Het loslaten symboliseert de
ervaring van afgelopen week.
Jochem, mijn stoere zoon, heeft
zijn even stoere en trouwe maatje Tank moeten laten inslapen. Slechts vier jaar hebben hond en baas van
elkaar mogen genieten.
Distel en Dobermann: beide met
een imago dat niet direct met zachtheid verbonden wordt. Toch biedt Distel gastvrijheid aan tere vlindervleugels en laat Dobermann
zijn hoge aaibaarheid- en knuffelgehalte aan directe naasten zien.

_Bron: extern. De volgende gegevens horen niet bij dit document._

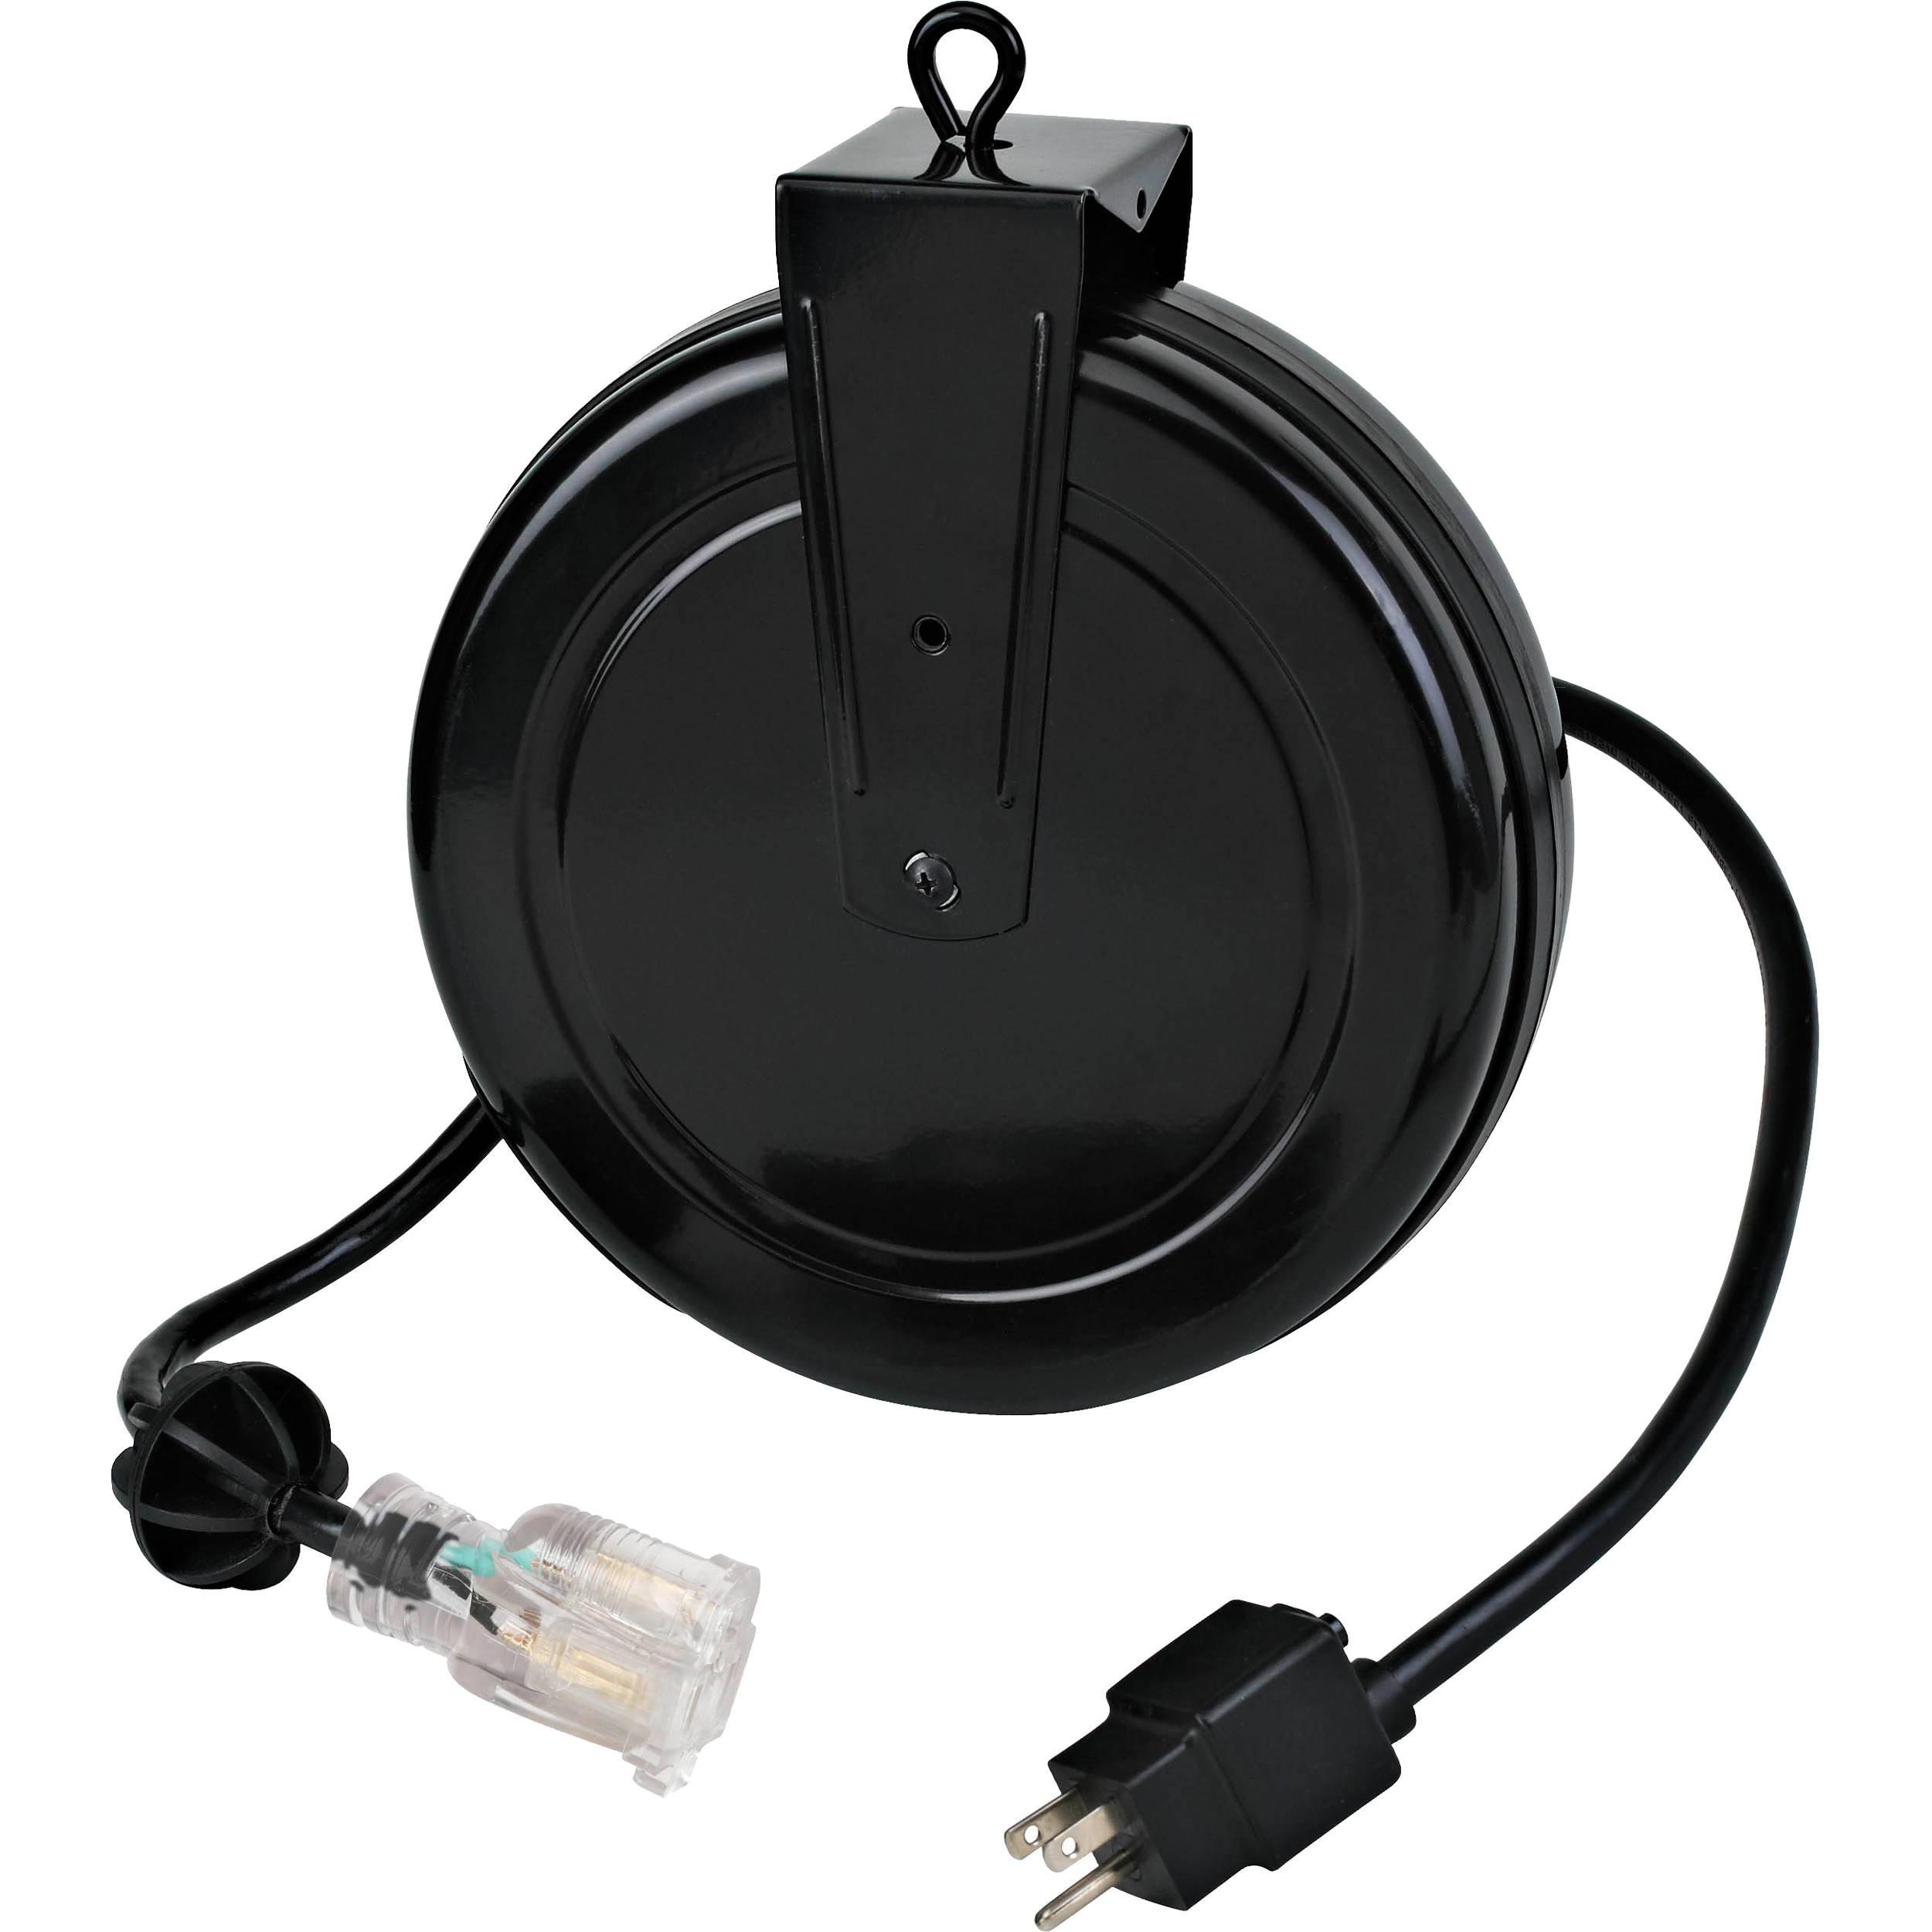 Https C Product 1045164 Reg Logitech Webcam C300 Wiring Diagram Stage Ninja Stx 20 1 12 Awg Sjtow 1071340

Blauwe distel volgde haar natuurlijke
weg van afsterven. Tank werd door de
dood overvallen. Slechts heel kort is hij ziek geweest. Ook Jochem toont zijn
kwetsbaarheid.
Het verdriet om Tank is nu nog rauw, maar over een poos zullen de
vele herinneringen het verlies verzachten.
Ook dat is mooi.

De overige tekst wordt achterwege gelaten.